**DIRECTIONS FOR THIS TASK:** All pictures are to be dropped, and everything else in the data duplicated exactly.

**DATASET EXCERPT:**

▼▼▼

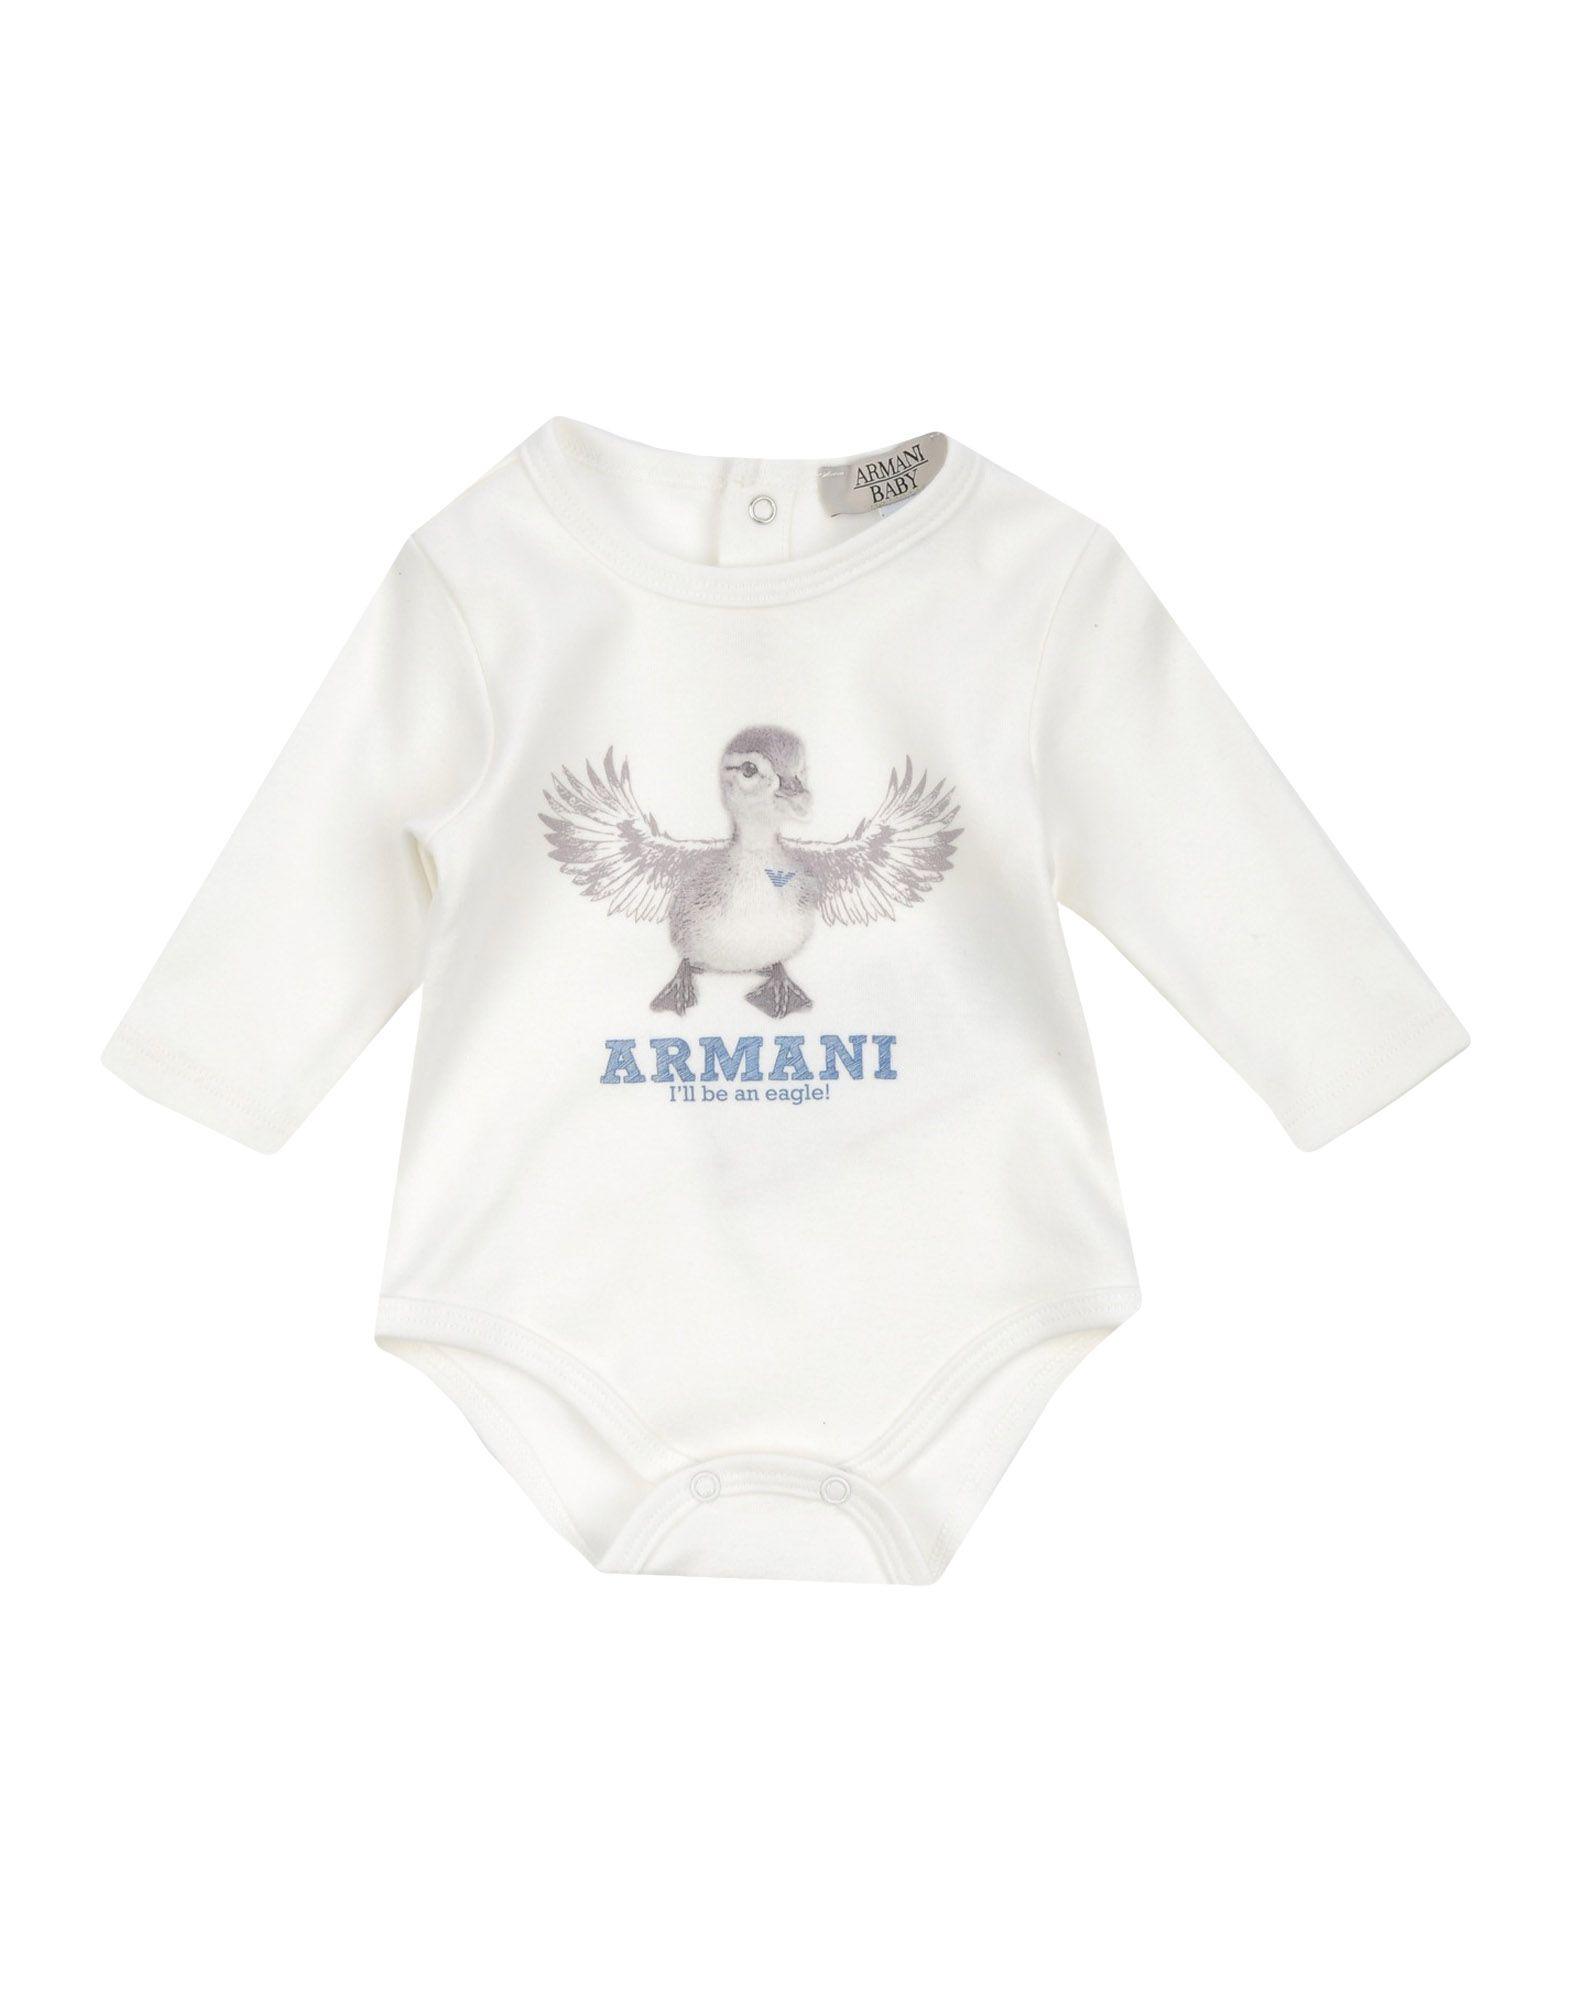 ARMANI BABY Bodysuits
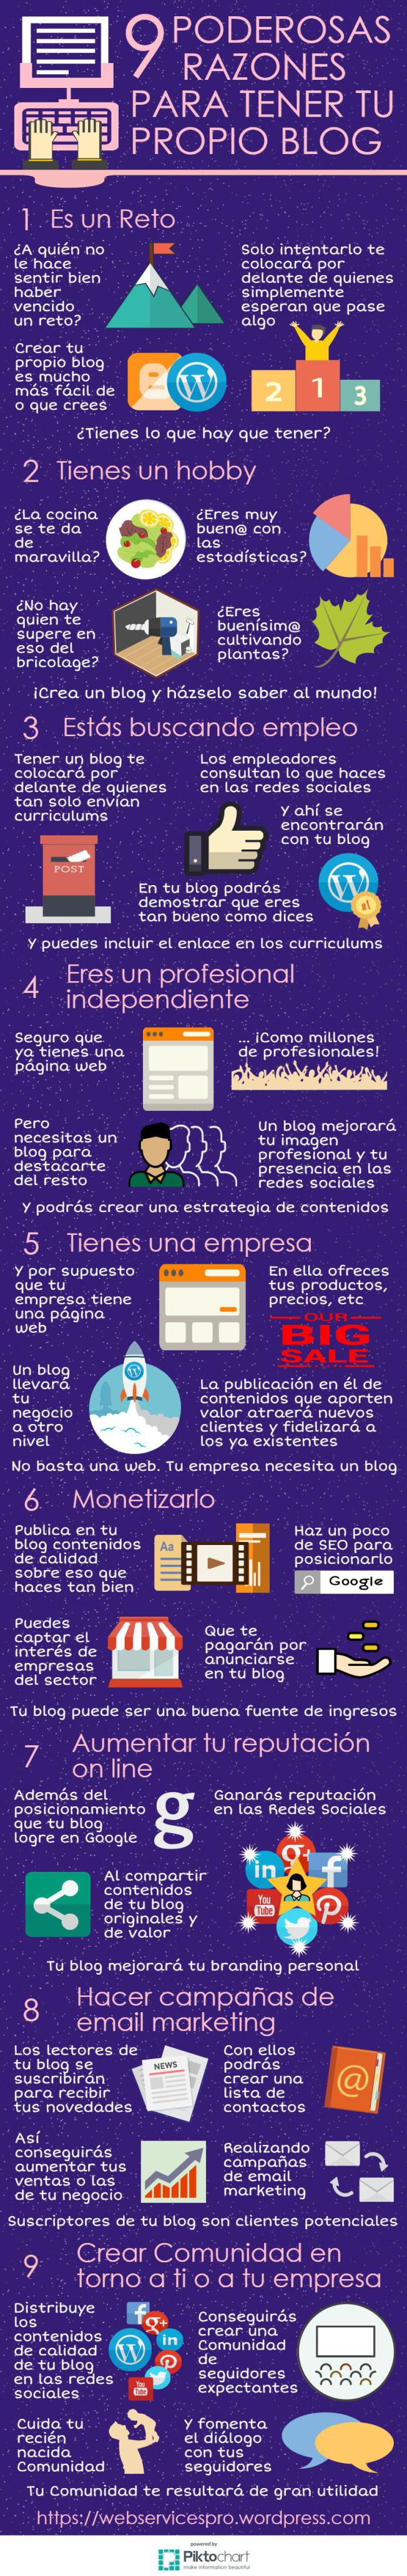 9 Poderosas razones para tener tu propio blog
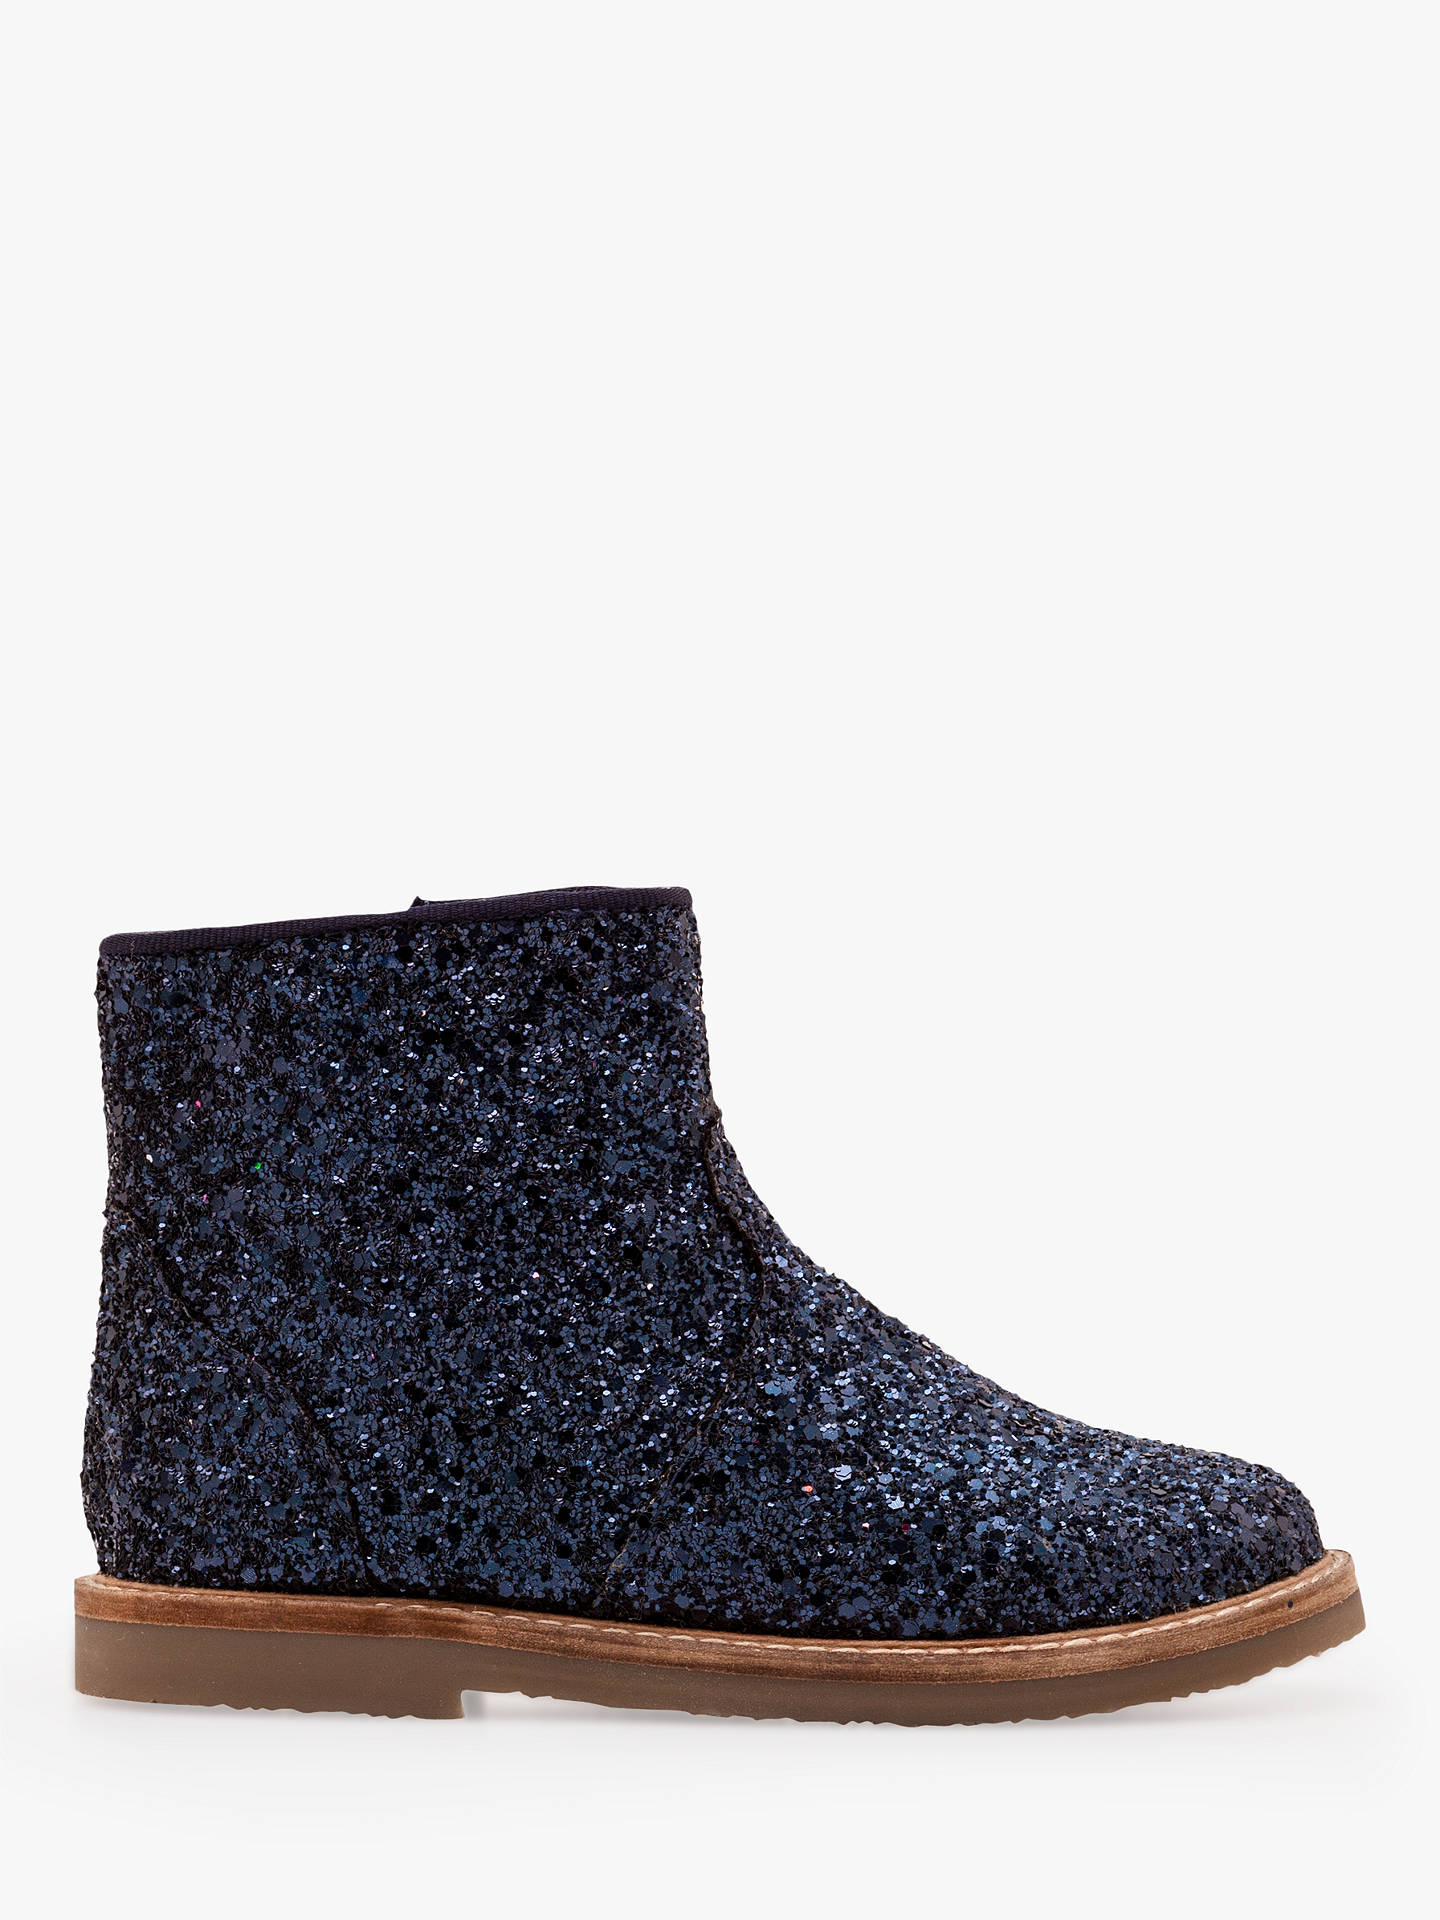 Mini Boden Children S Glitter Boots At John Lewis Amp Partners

▲▲▲

**SOLUTION:**
 ARMANI BABY Bodysuits
 9 Poderosas razones para tener tu propio blog
 Mini Boden Children S Glitter Boots At John Lewis Amp Partners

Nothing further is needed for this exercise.